### PROBLEM DETAILS
The copy must match the data word for word and contain no pictures.

### DATA BLOCK

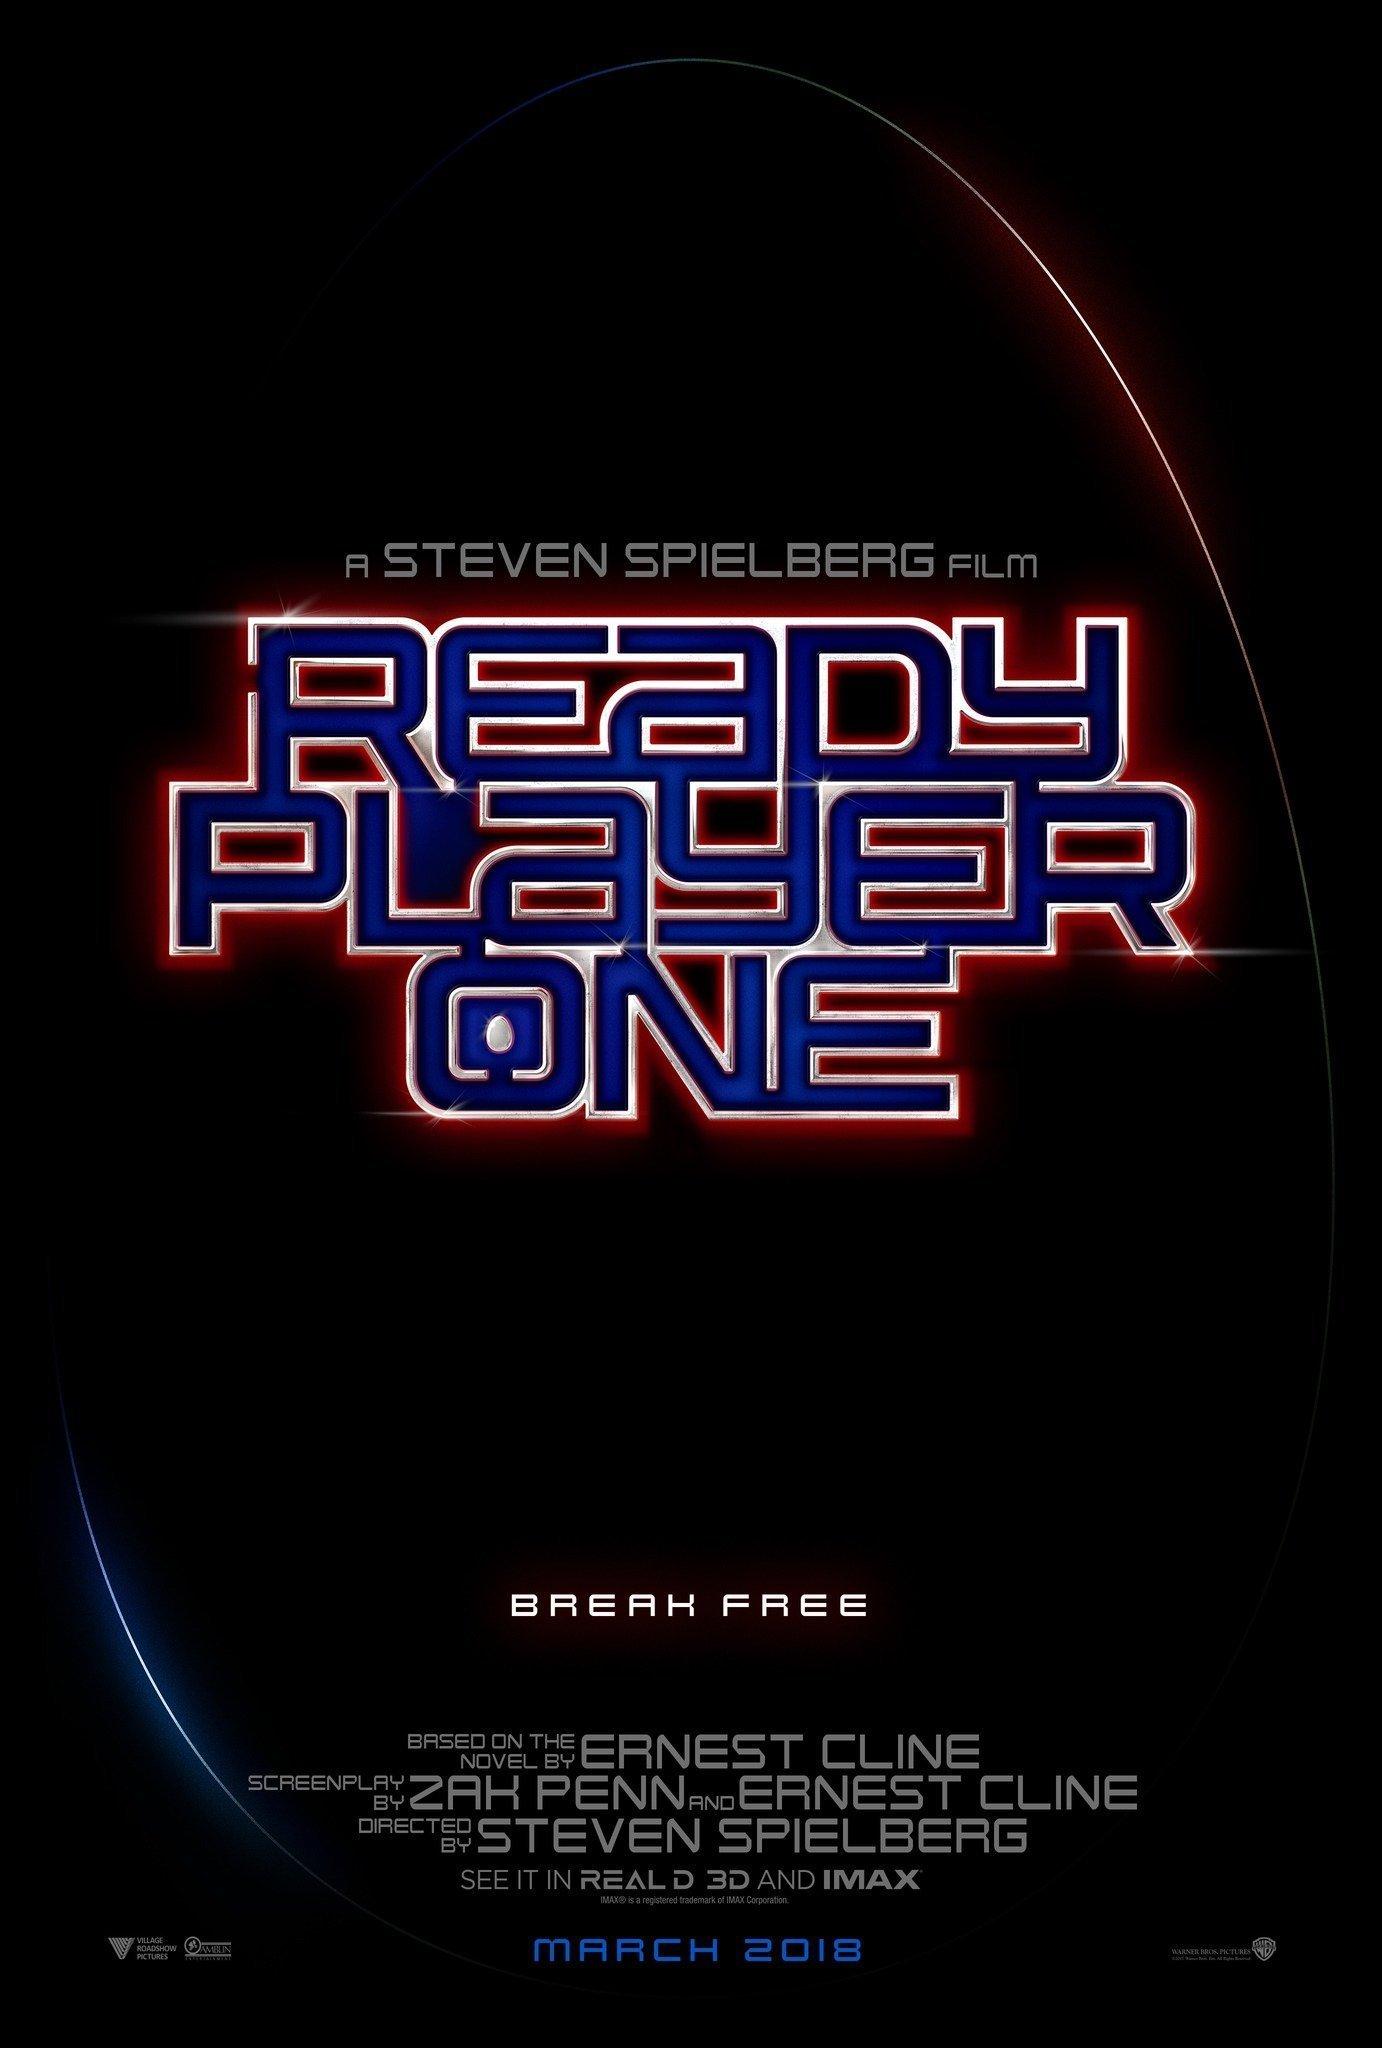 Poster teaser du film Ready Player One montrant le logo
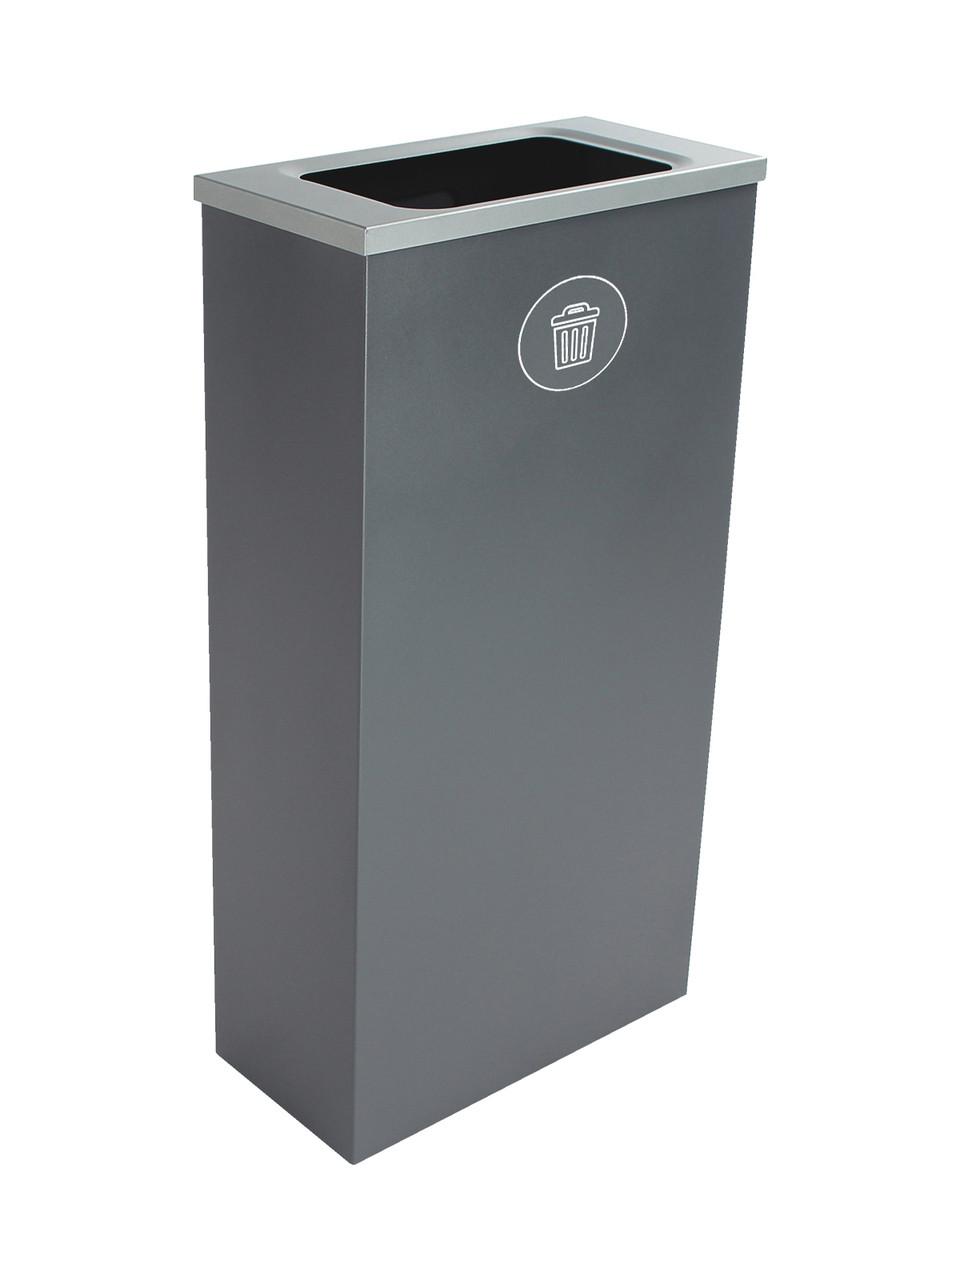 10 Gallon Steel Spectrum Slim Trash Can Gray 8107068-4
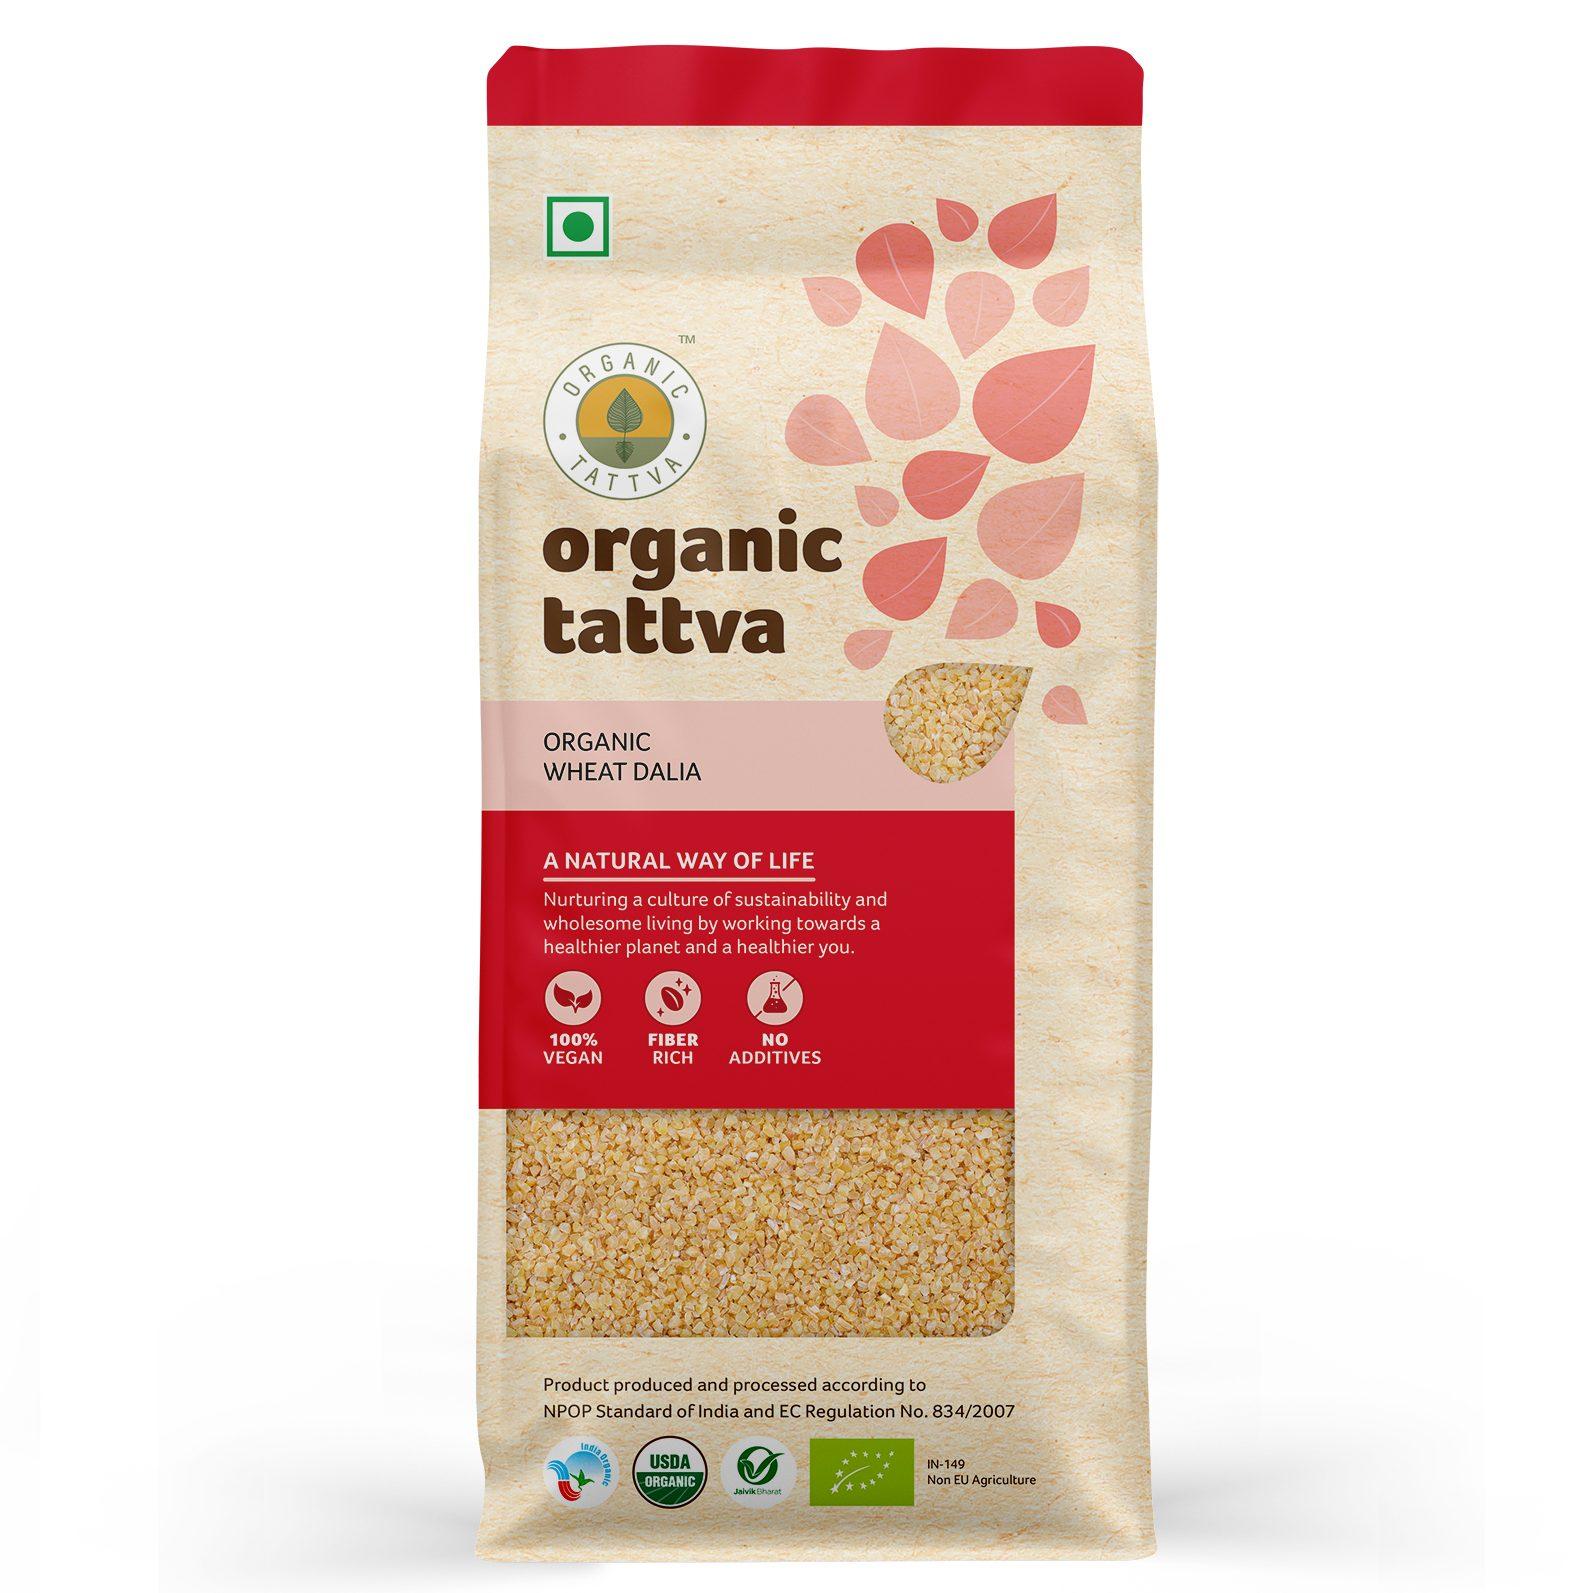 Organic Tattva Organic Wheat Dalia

### WRITTEN SOLUTION
 Poster teaser du film Ready Player One montrant le logo
 10 Gallon Steel Spectrum Slim Trash Can Gray 8107068-4
 Organic Tattva Organic Wheat Dalia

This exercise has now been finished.